Commissioning cannot be carried out without any errors whatsoever, and experience and trust are needed to deal with setbacks and problems. From a purely practical point of view, it is always one thing to work through a particular signal chain in a test environment and to certify that the system is functioning properly, and quite another to run several signal chains simultaneously during operation. This is when any remaining problems will be revealed, and the excitement about a well-functioning system quickly turns into stress.
At Swiss Steel, “beaming” was briefly introduced, which means transporting a material from one point to another without any time delay. However, since this only happened virtually, it materialised as a delayed signal for the transfer of the material from the pallet rail to the hook conveyor system. This is because it involves the material moving past the transfer position, and then suddenly jumping across the system onto a hook. These and other perhaps less “innovative” phenomena could be resolved quickly during commissioning.
PSI: What was the main reason for this significant conversion of the plant?
Dr. Nussbaum: The almost complete overhaul of the transport system was essential because the market fundamentally requires higher coil weights. As part of the strategic expansion of the Swiss Steel AG rolling mill, this was one of the first steps needed to ensure we are able to meet this and future needs. In addition to market requirements, it was also simply a case of needing to replace an almost 40-yearold system, and to integrate it into the innovative automation platform of the rolling process.
PSI: Could the complexity be predicted and how did you prepare for it?
Dr. Nussbaum: Of course, it goes without saying that this was a major project for us and still is; as such, both we and various other trades have invested significant resources into the project. This increases complexity compared to a greenfield project, because construction and production have to be carried out simultaneously with no room for manoeuvre and with ever-tighter scheduling, and there are no backup capacities during commissioning. Not every project partner identified this at an early stage, which meant that the complexity was underestimated. In future, our approach will be to monitor progress even more closely and to ensure better management of consequences.
PSI: Is a special customer-supplier relationship required to implement a project like this?
Dr. Nussbaum: A willingness to communicate and prompt, error-free reaction between partners is an absolute must. I would regard it as a special relationship if there is a deep understanding of the customer's requirement, and the project partners always act in an entrepreneurial spirit. This is much easier if the "chemistry" between the parties is right. People simply make the difference! However, everyone who is involved must understand that a project is not an end itself. Ultimately, we too have a duty to our customer, and want to offer them added value.
Investments in digitalisation must offer added value, and cannot simply be made for the sake of new technology.
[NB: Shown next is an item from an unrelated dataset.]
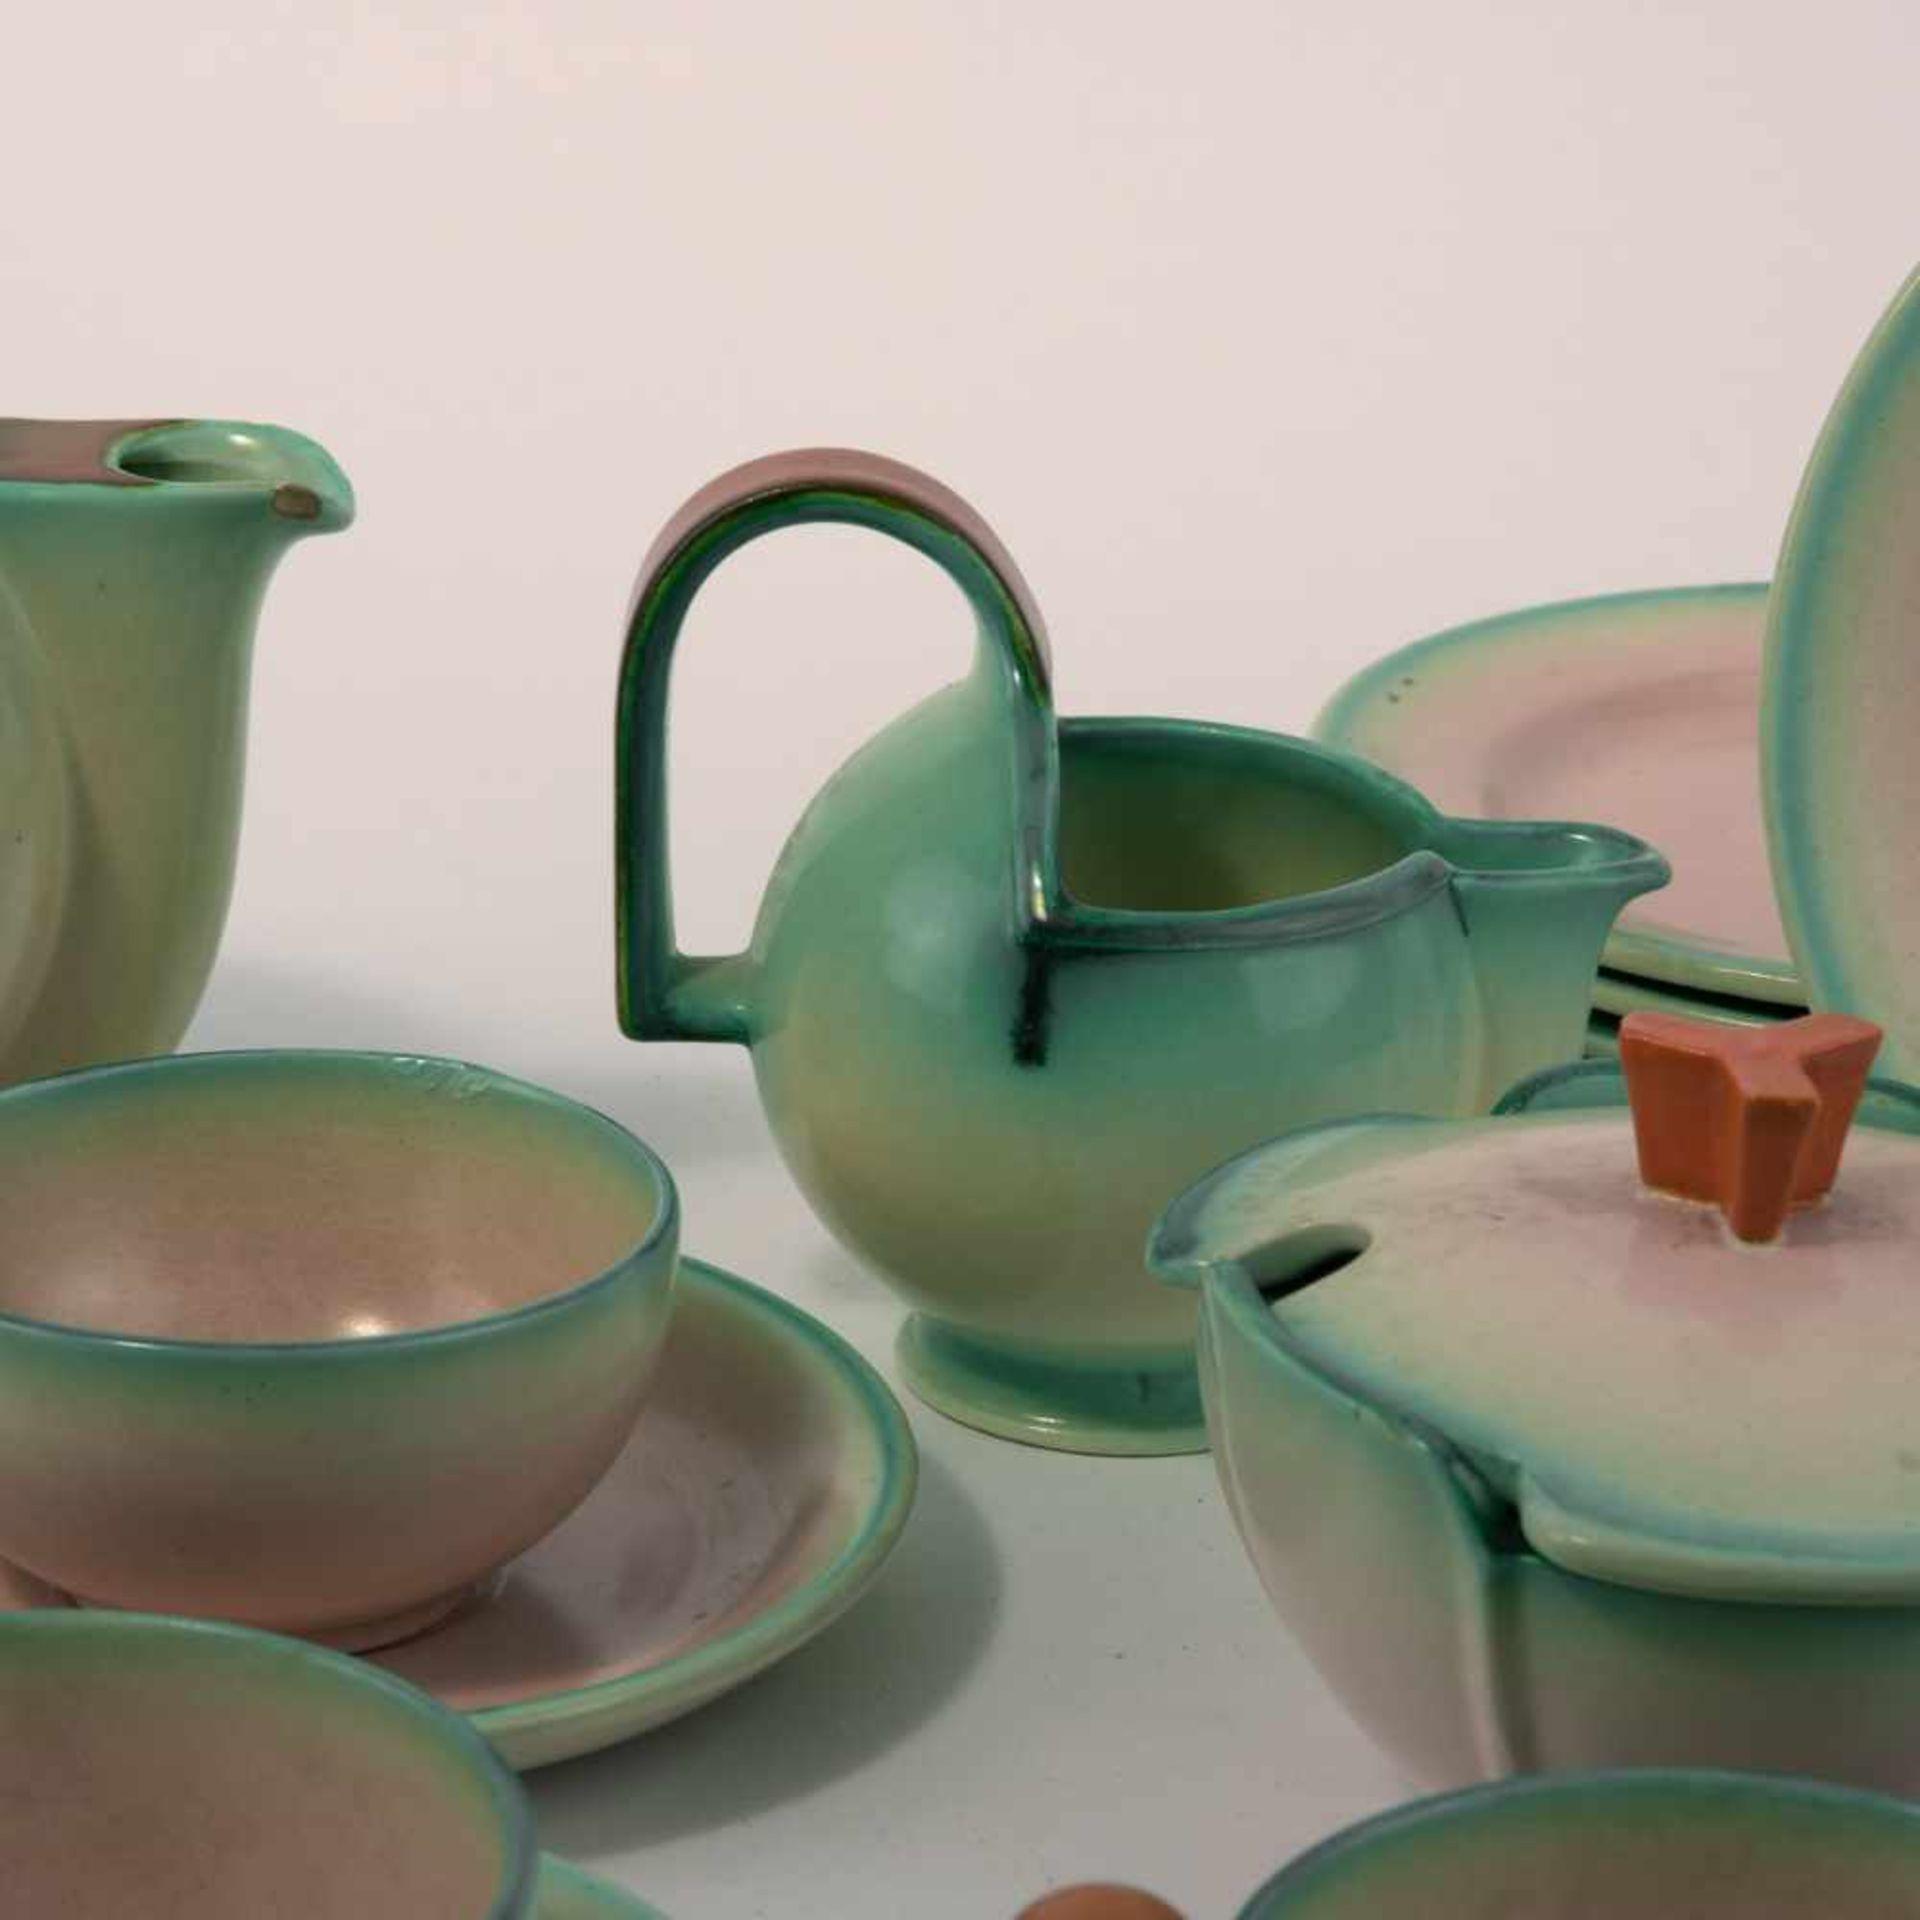 Los 25 - Eva Zeisel-Stricker Teeservice 'Fiuma', um 1928 15 Teile. Teekanne: H. 18 cm; Milchkanne: H. 12,2

In the case of Swiss Steel, it is not enough just to manufacture high-quality products. The material quality must also be verifiable. This means that it is important to know the location of a particular material at all times, and the process parameters which govern it.
This is the only way that the quality can be guaranteed in the long term during live operation and then documented on completion. This, together with the flexibility gained in the material flow and the savings in energy consumption, clearly demonstrate the advantages of digitalisation. Industry 4.0 does not have to mean revolution; the case of Swiss Steel proves that it can also be evolution.